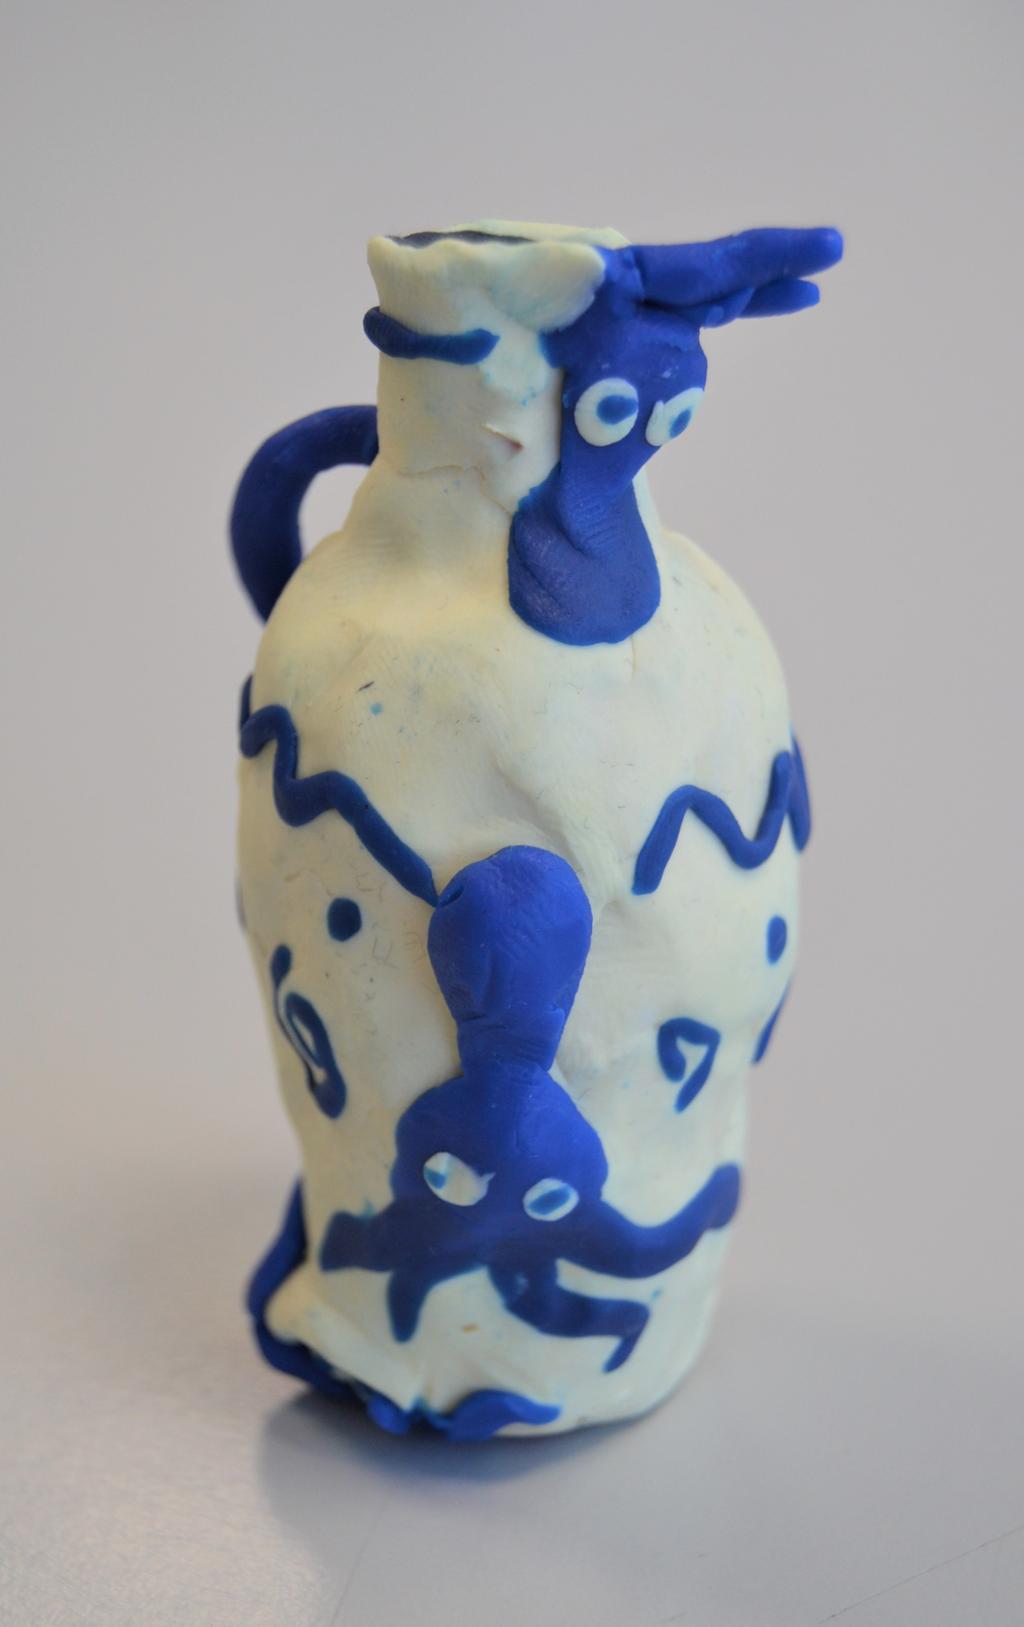 Kvit vase med blå blekksprutar i plastelina. Foto.
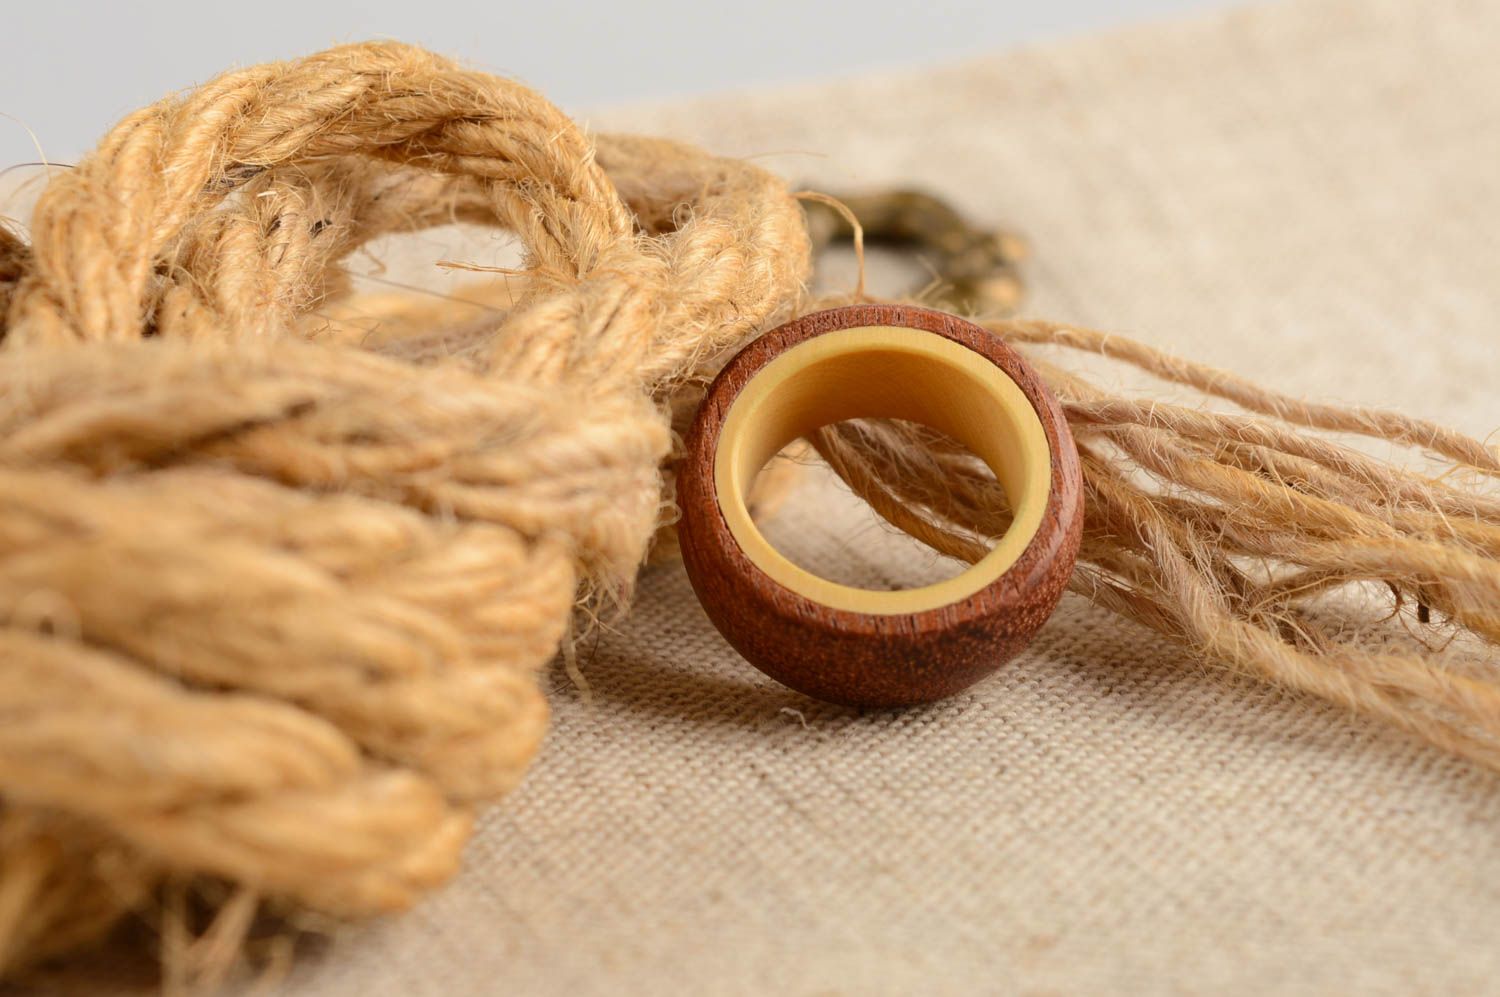 Уникальный авторский аксессуар кольцо ручной работы из дерева унисекс эко стиль фото 1
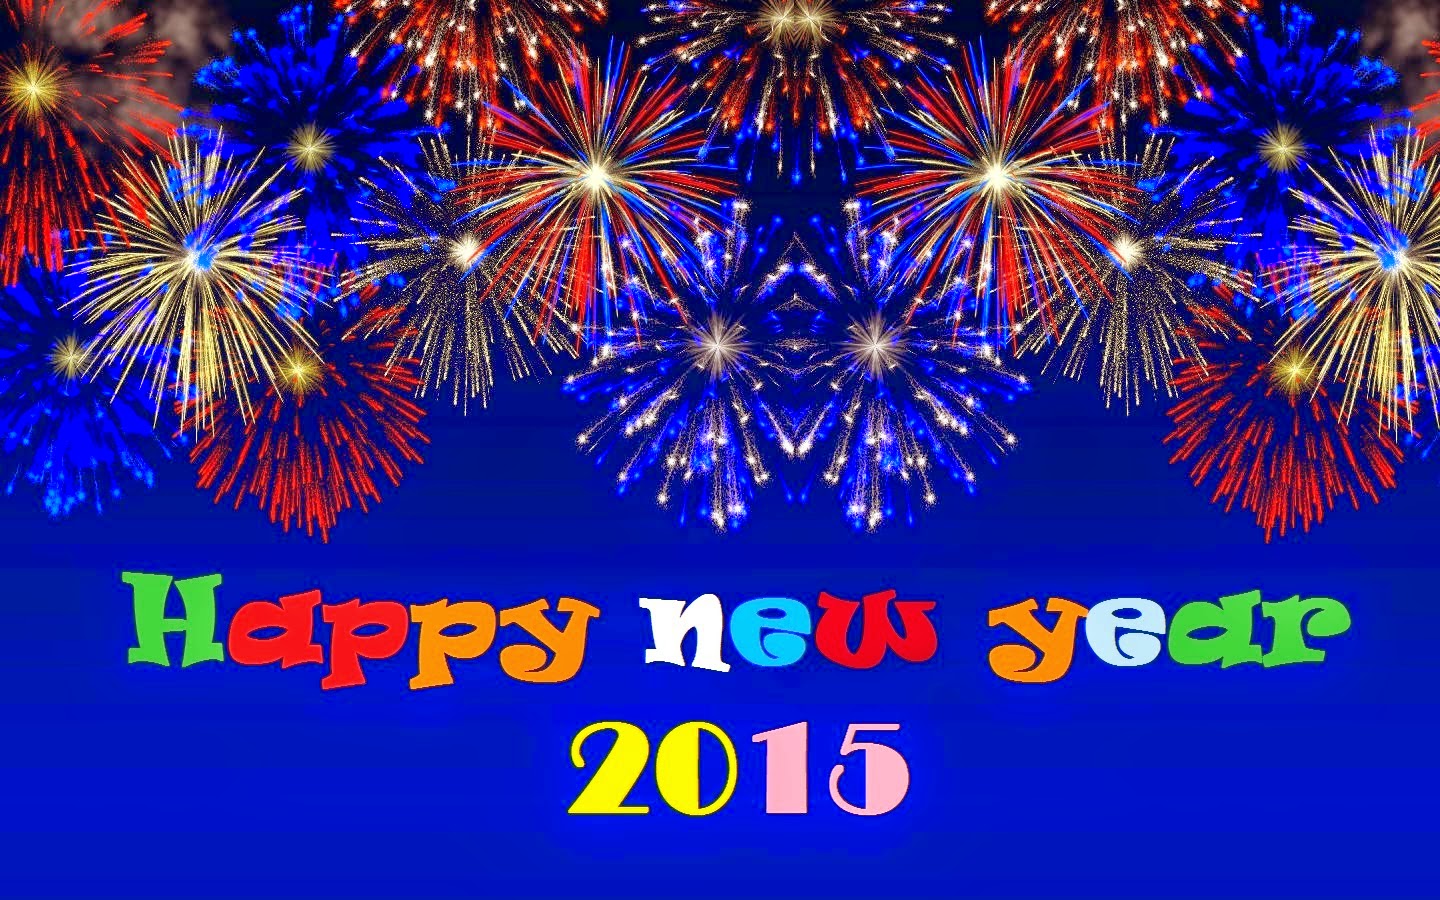 Gambar Ucapan Selamat Tahun Baru 2015
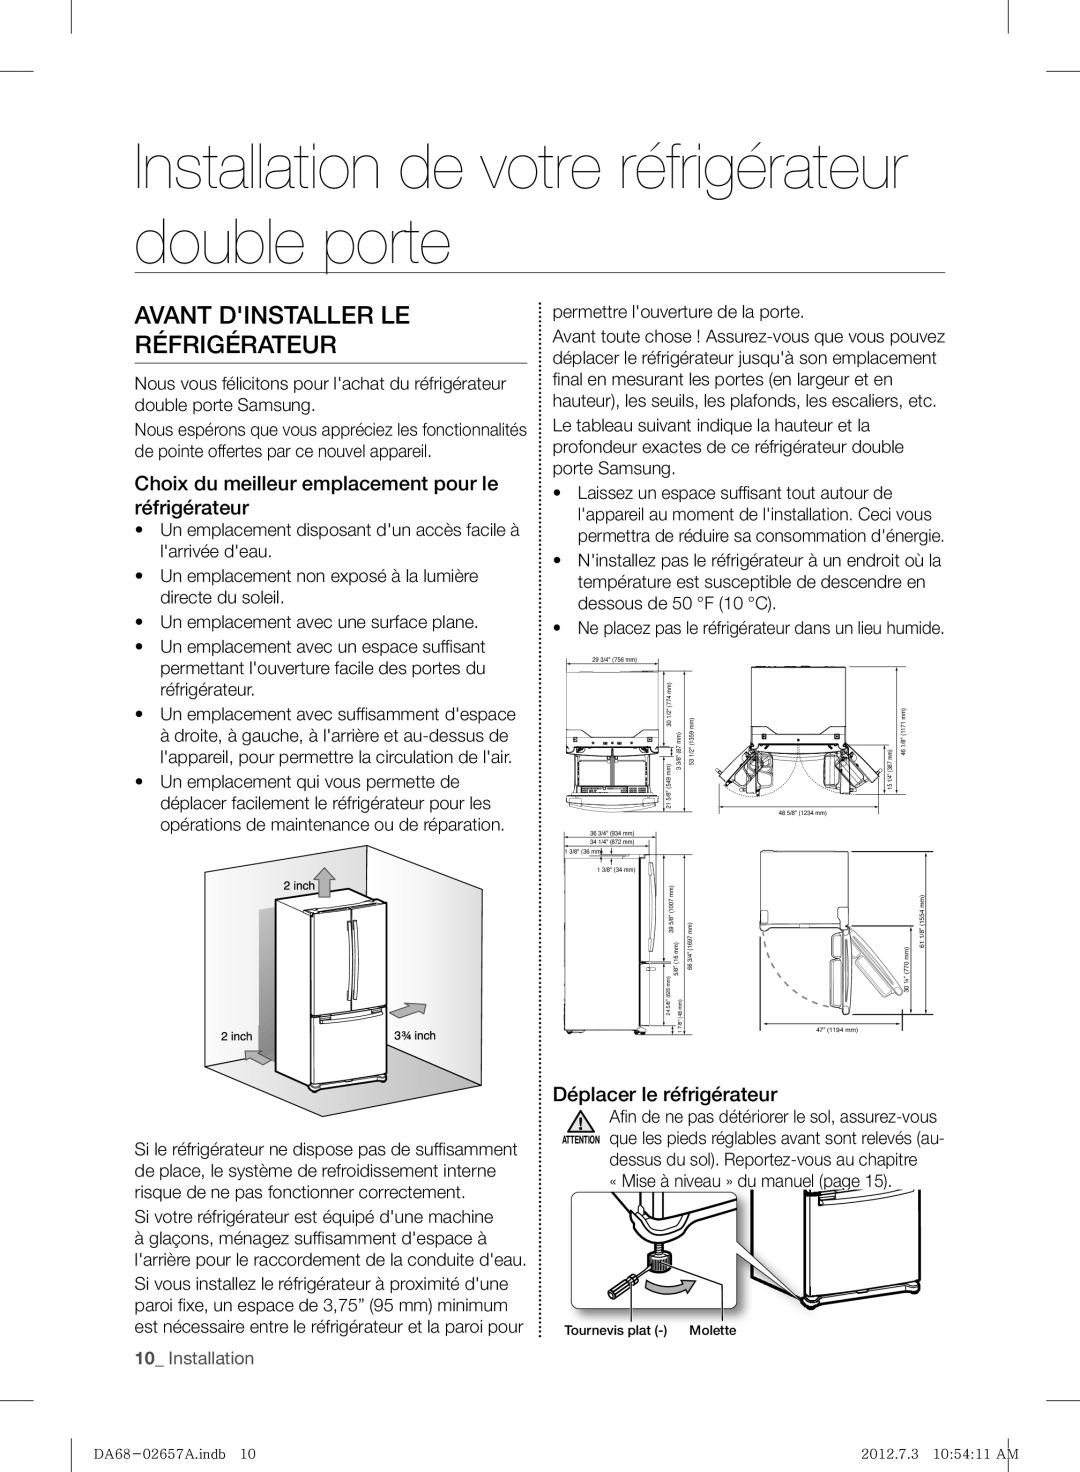 Samsung RF221NCTABC user manual Installation de votre réfrigérateur double porte, Avant Dinstaller Le Réfrigérateur

- ASSIGNMENT -
Print each line of the listing exactly and include no pictures.

- EXERCISE RESULT -
 Kvit vase med blå blekksprutar i plastelina. Foto.
 Уникальный авторский аксессуар кольцо ручной работы из дерева унисекс эко стиль фото 1
 Gambar Ucapan Selamat Tahun Baru 2015
 Samsung RF221NCTABC user manual Installation de votre réfrigérateur double porte, Avant Dinstaller Le Réfrigérateur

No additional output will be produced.